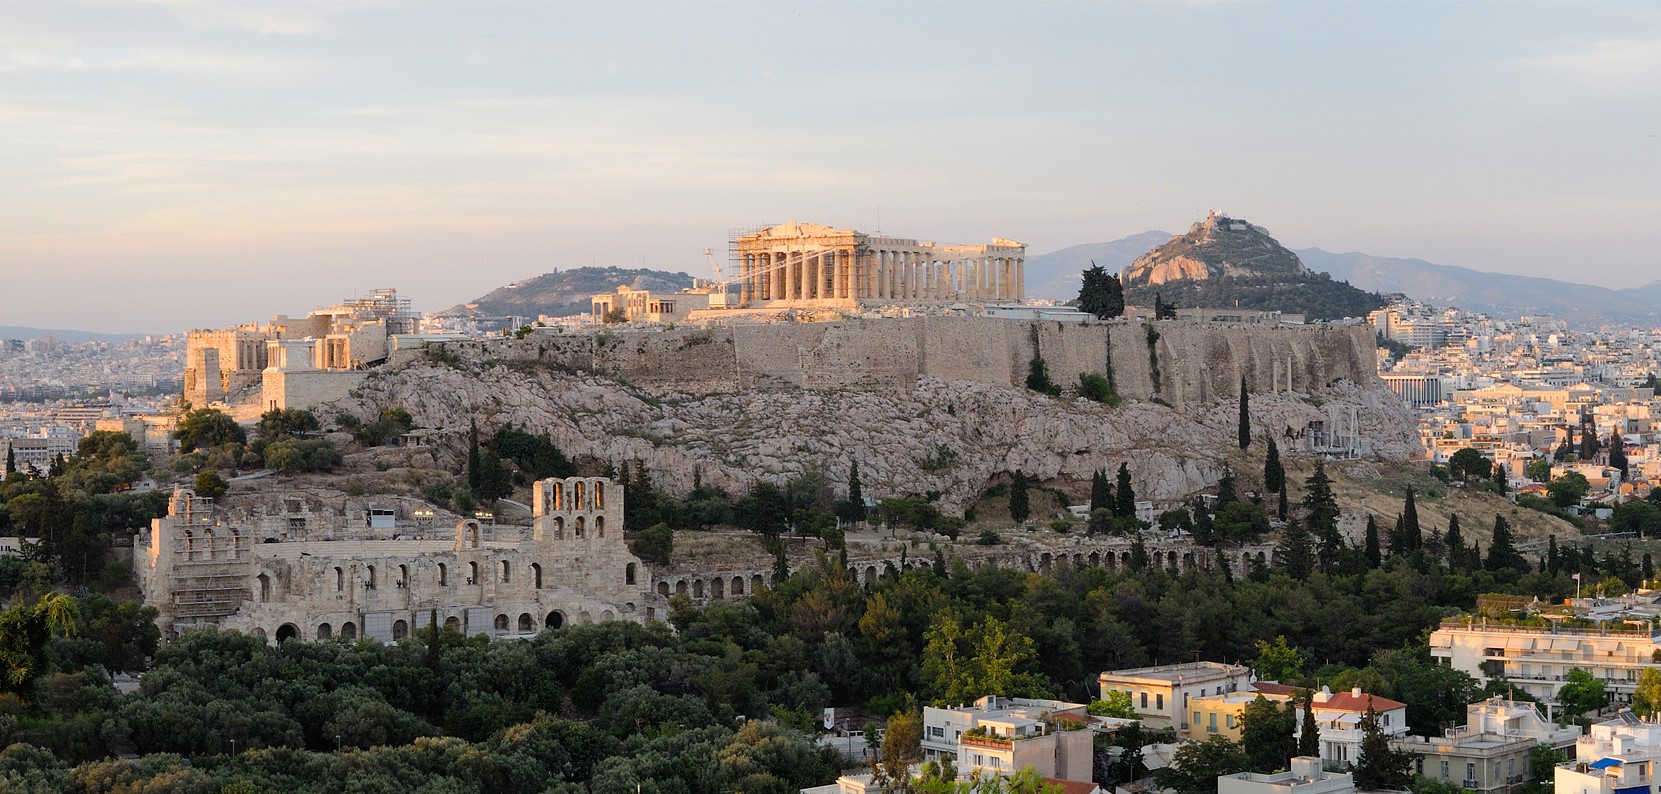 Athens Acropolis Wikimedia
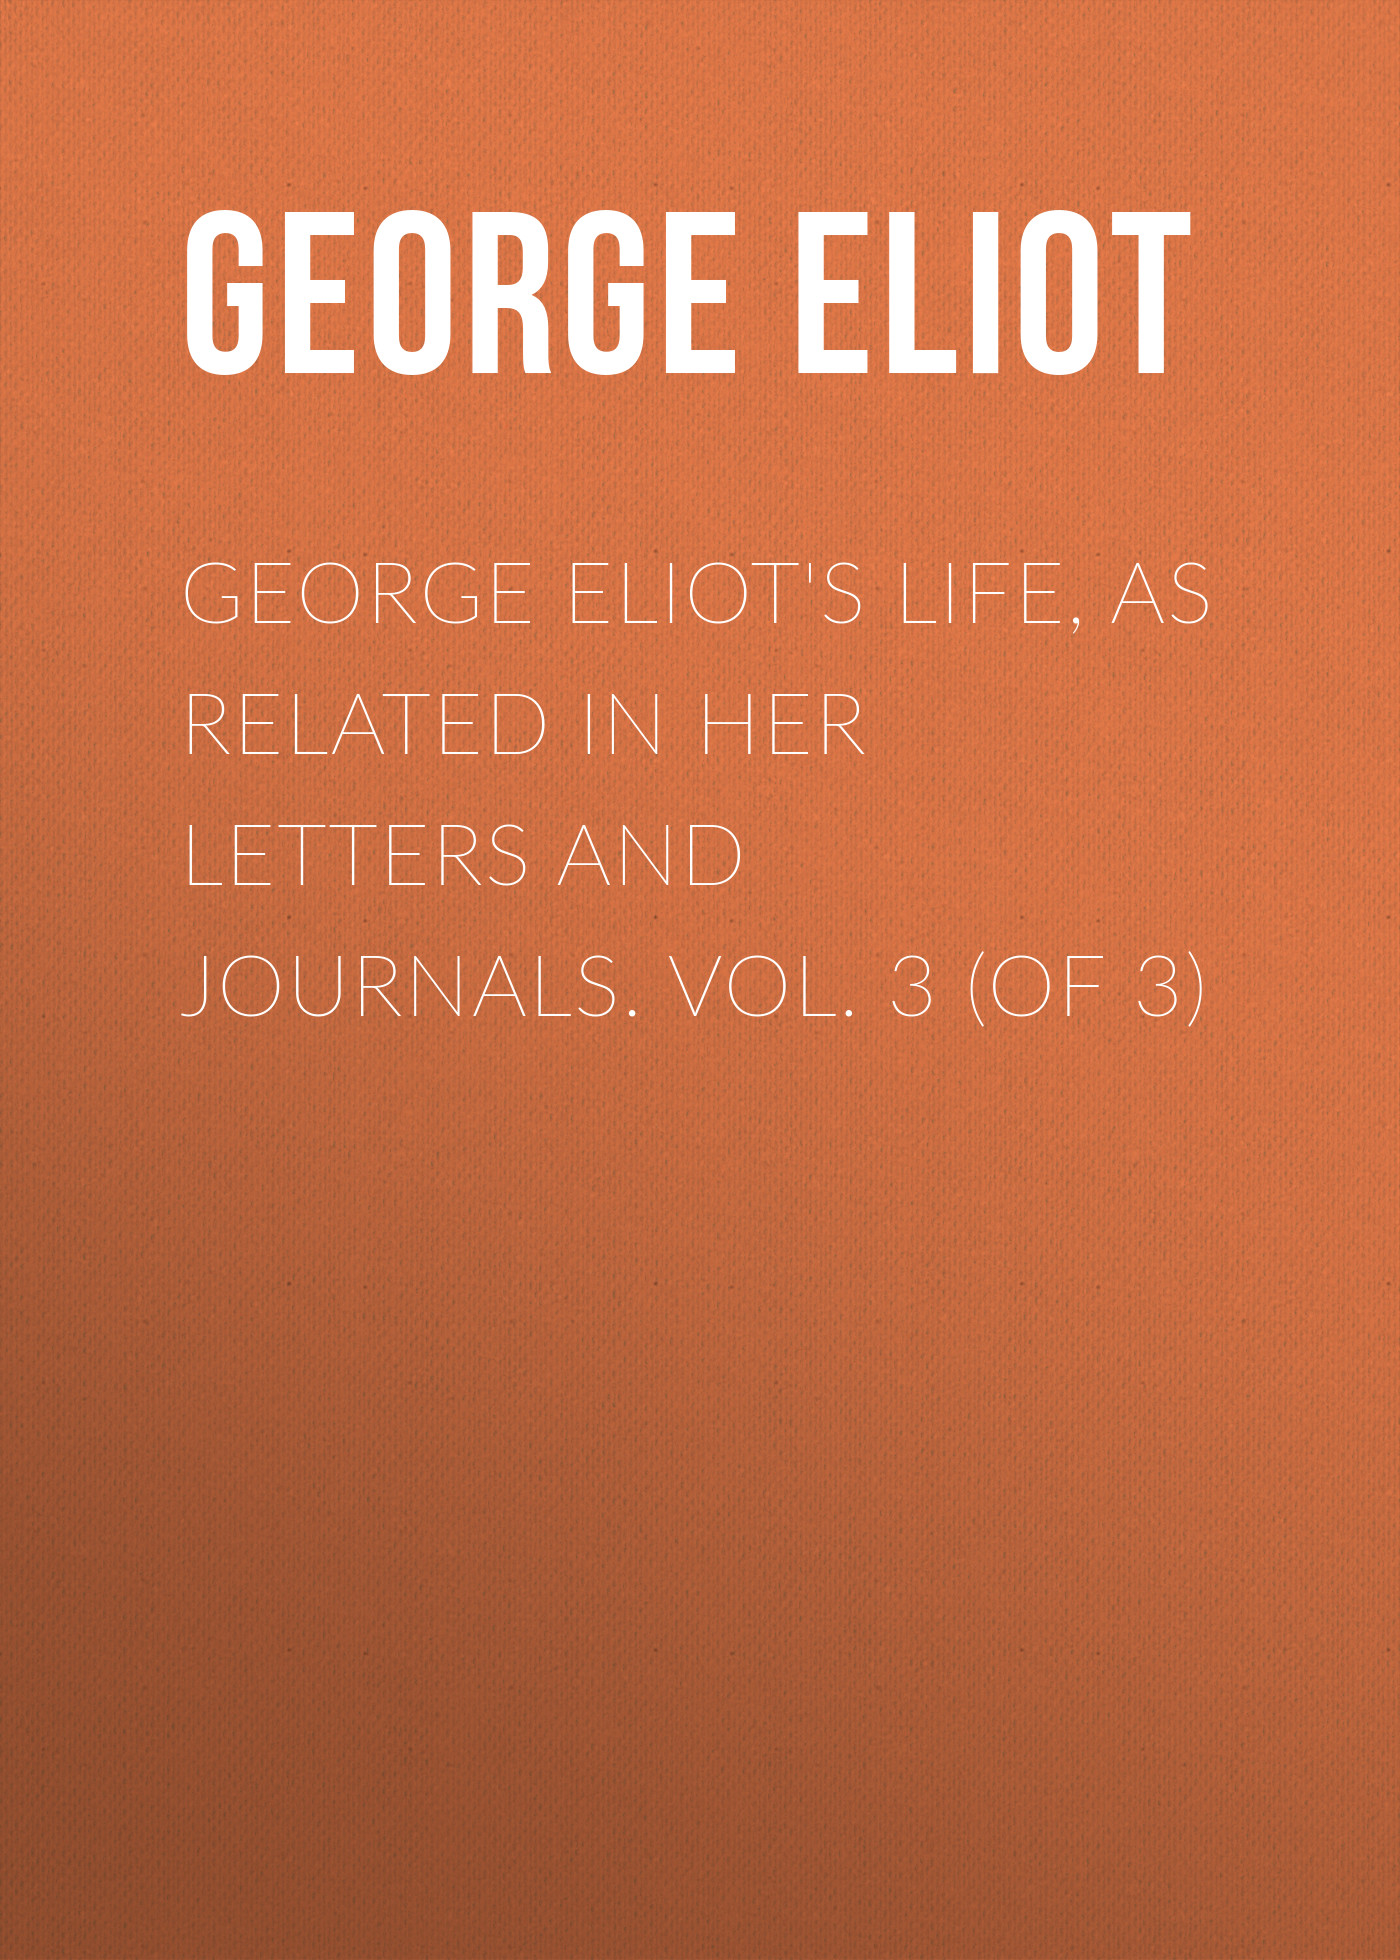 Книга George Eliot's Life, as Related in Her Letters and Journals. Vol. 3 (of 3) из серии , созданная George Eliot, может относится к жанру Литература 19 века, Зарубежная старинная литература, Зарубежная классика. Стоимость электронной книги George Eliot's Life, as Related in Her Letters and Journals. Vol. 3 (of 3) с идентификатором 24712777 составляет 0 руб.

---

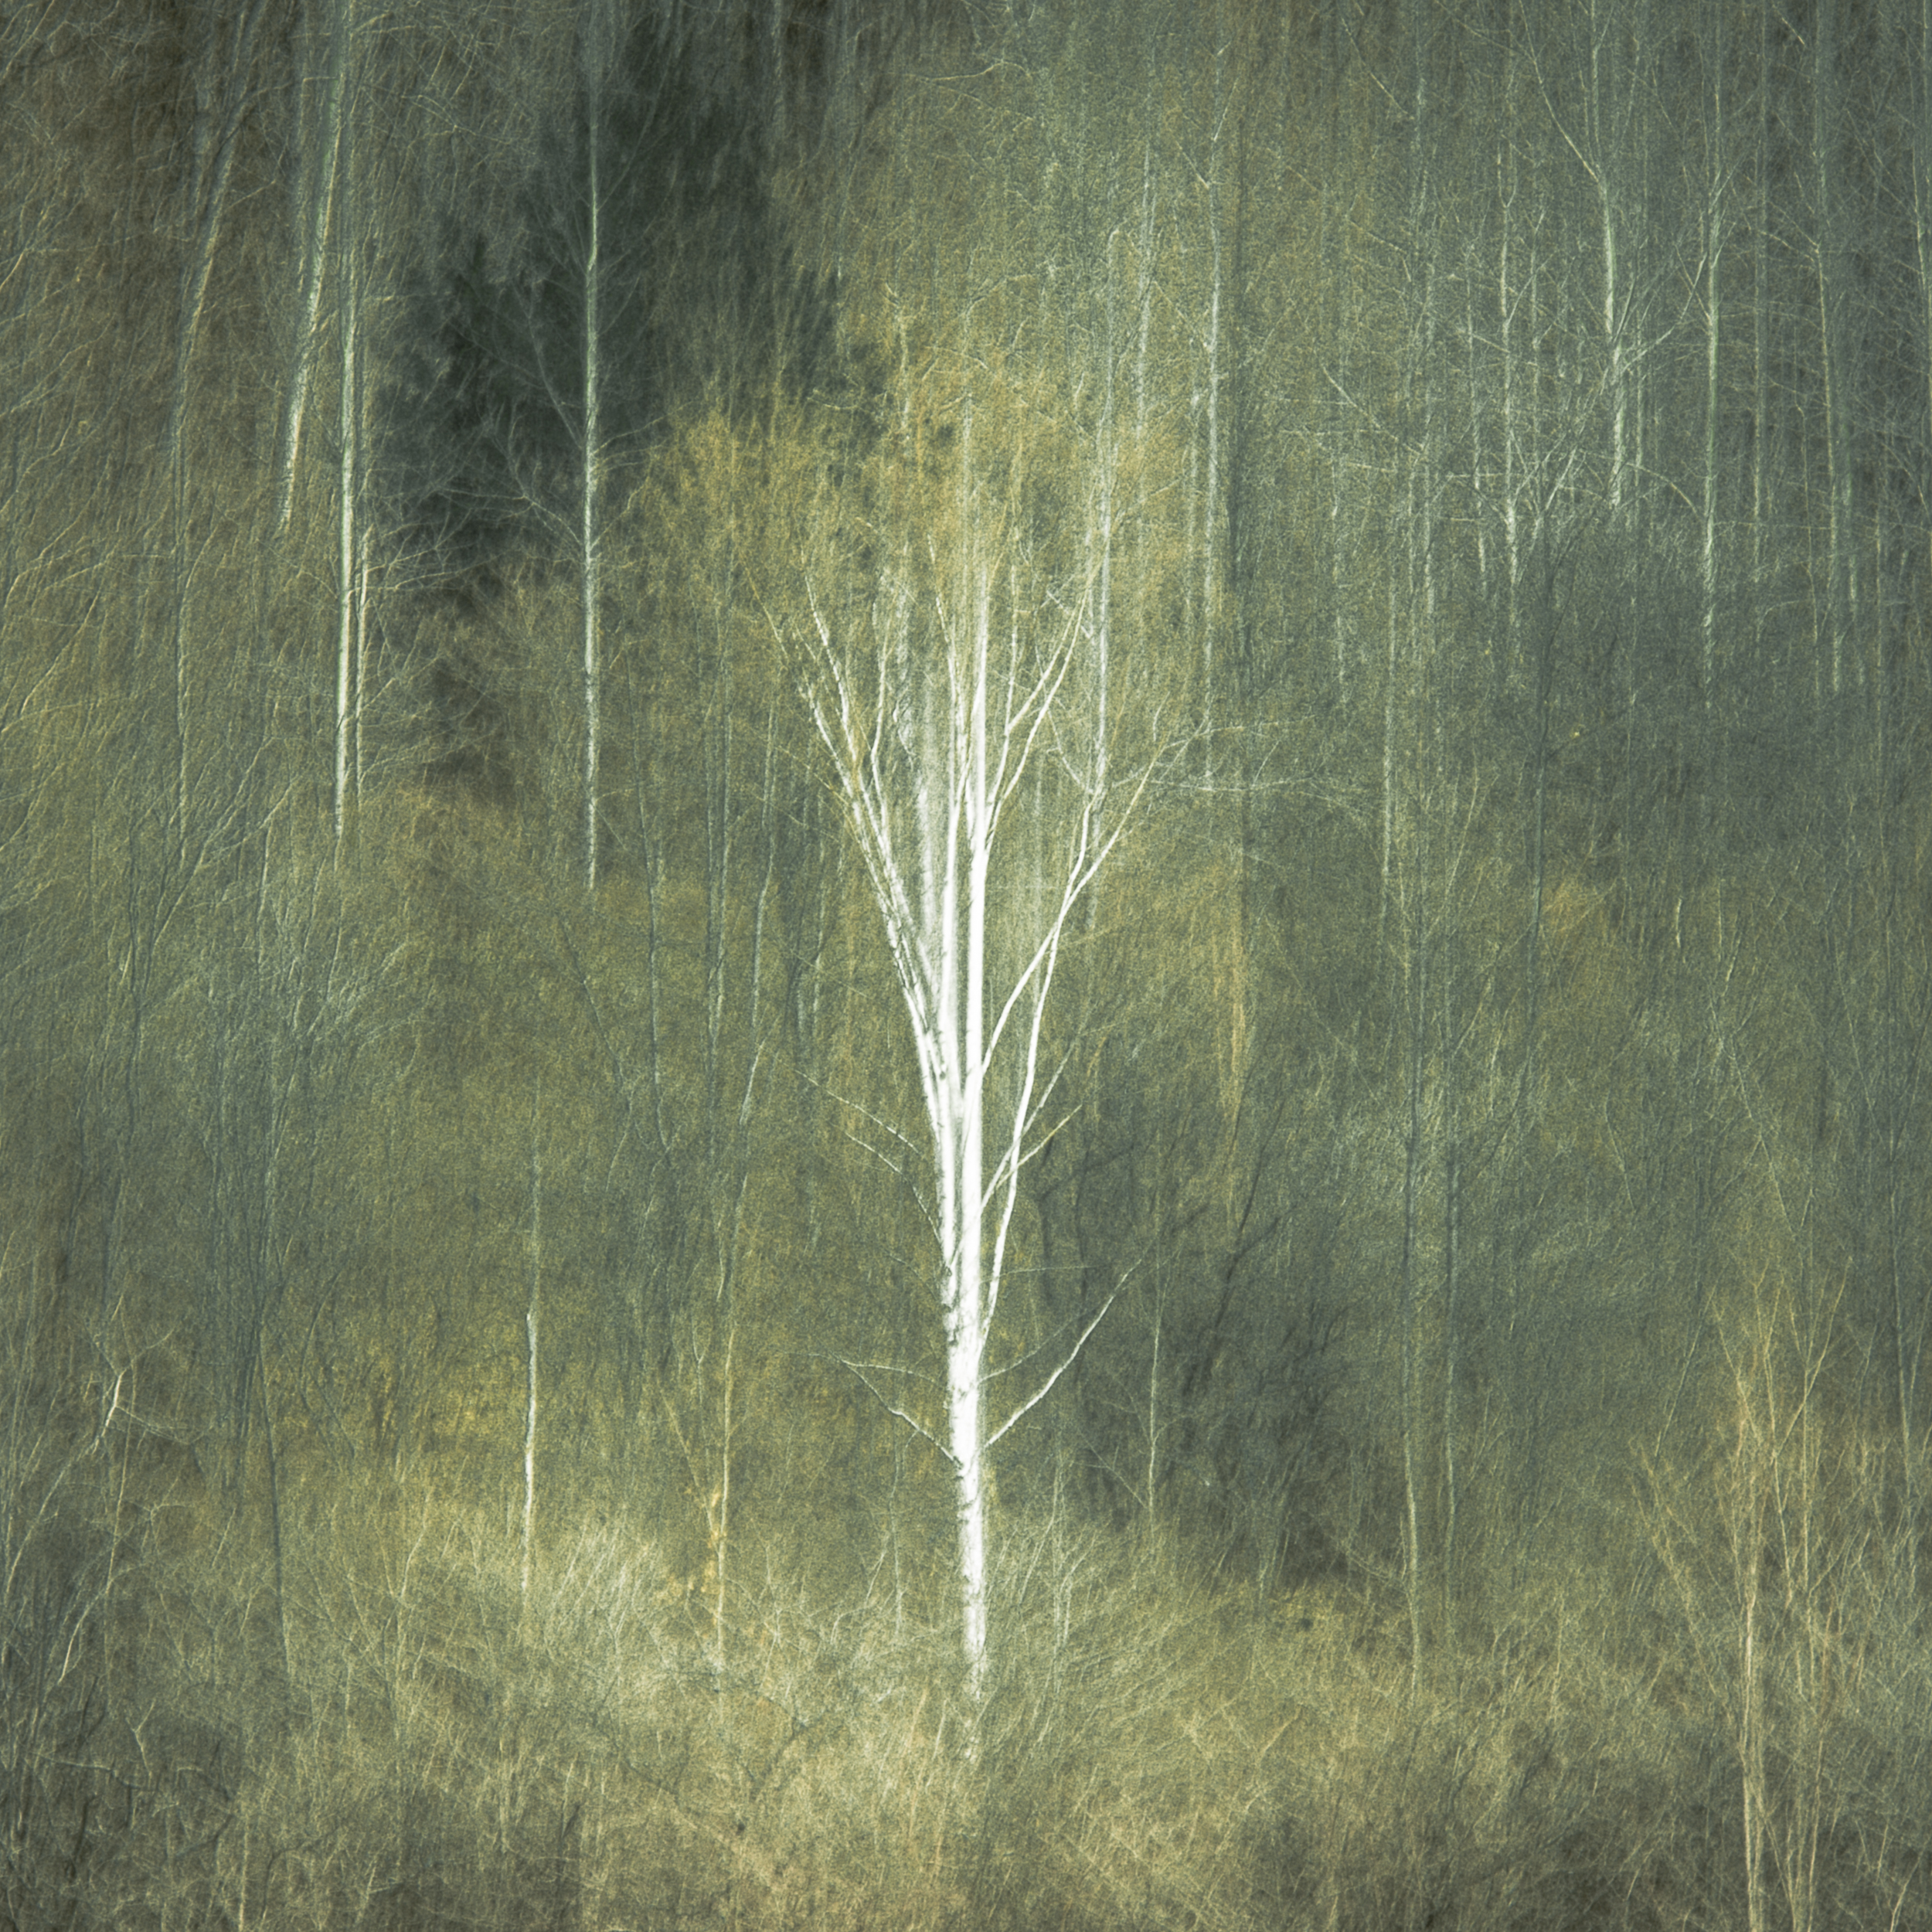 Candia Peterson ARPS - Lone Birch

§ Exercise requirements: Starting at the line containing "Athens Acropolis Wikimedia" and finishing at the line containing "Книга George Eliot's", return those lines exactly as they appear above, without the pictures.

§ Answer section:
 Athens Acropolis Wikimedia
 Книга George Eliot's Life, as Related in Her Letters and Journals. Vol. 3 (of 3) из серии , созданная George Eliot, может относится к жанру Литература 19 века, Зарубежная старинная литература, Зарубежная классика. Стоимость электронной книги George Eliot's Life, as Related in Her Letters and Journals. Vol. 3 (of 3) с идентификатором 24712777 составляет 0 руб.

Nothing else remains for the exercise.